§ **Data records**:
<<<<

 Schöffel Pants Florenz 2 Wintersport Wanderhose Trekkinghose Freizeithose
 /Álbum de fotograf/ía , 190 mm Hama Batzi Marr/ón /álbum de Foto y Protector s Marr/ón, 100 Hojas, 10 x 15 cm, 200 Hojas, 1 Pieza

>>>>
<<<<

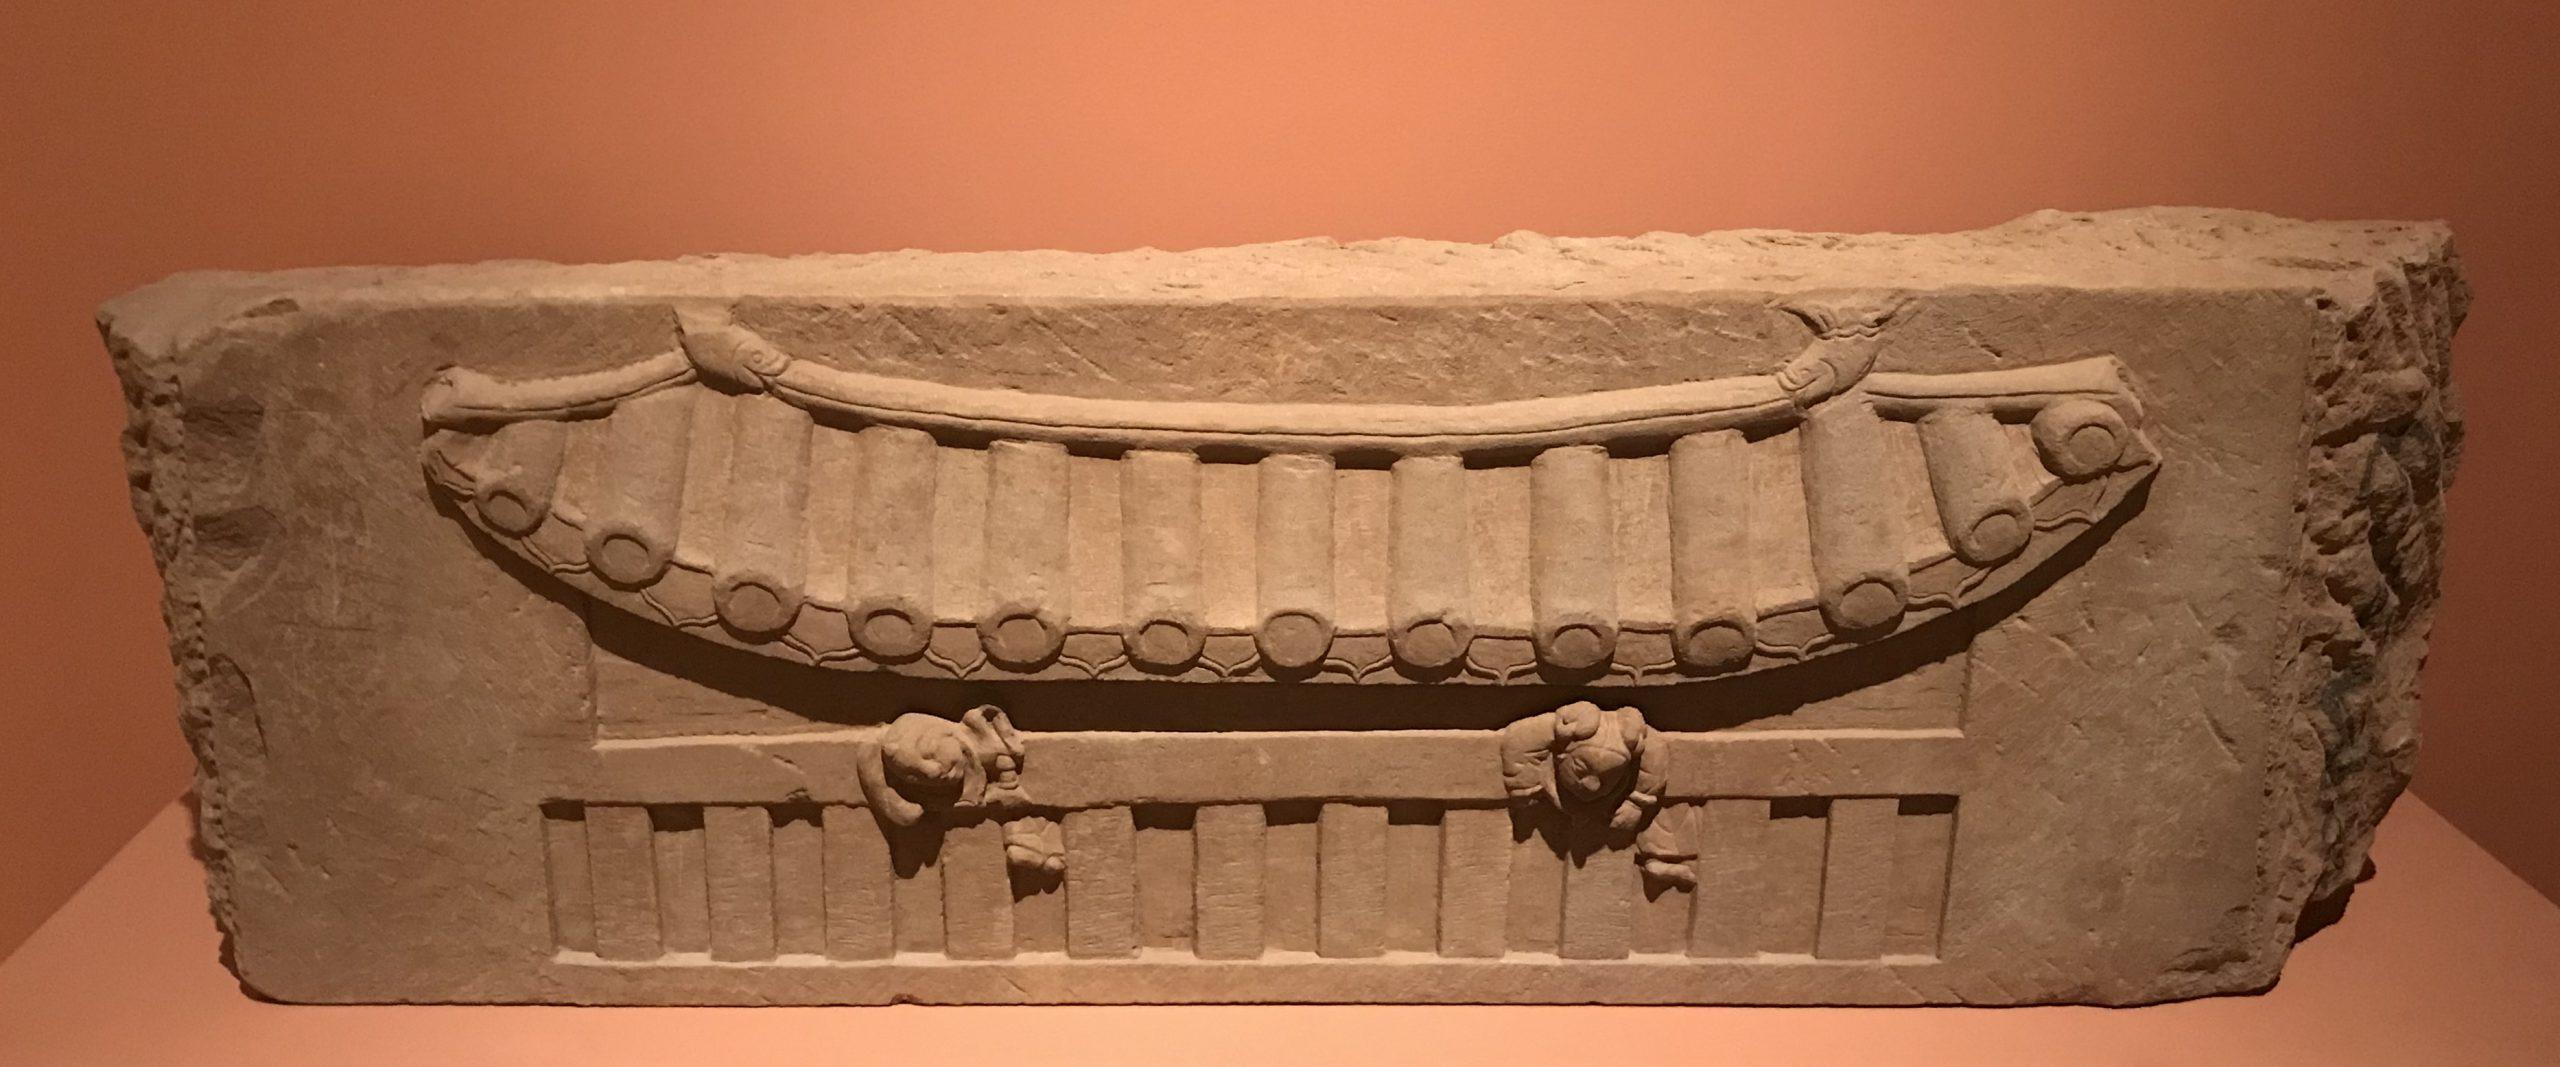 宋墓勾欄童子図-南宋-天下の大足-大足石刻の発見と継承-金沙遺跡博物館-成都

>>>>

§ **What the exercise asks**:
For the listing above, print only the lines starting at the line containing "Schöffel Pants Florenz" and ending at the line containing "Hojas, 1 Pieza", exactly, both included.

§ **Answer to the exercise**:
 Schöffel Pants Florenz 2 Wintersport Wanderhose Trekkinghose Freizeithose
 /Álbum de fotograf/ía , 190 mm Hama Batzi Marr/ón /álbum de Foto y Protector s Marr/ón, 100 Hojas, 10 x 15 cm, 200 Hojas, 1 Pieza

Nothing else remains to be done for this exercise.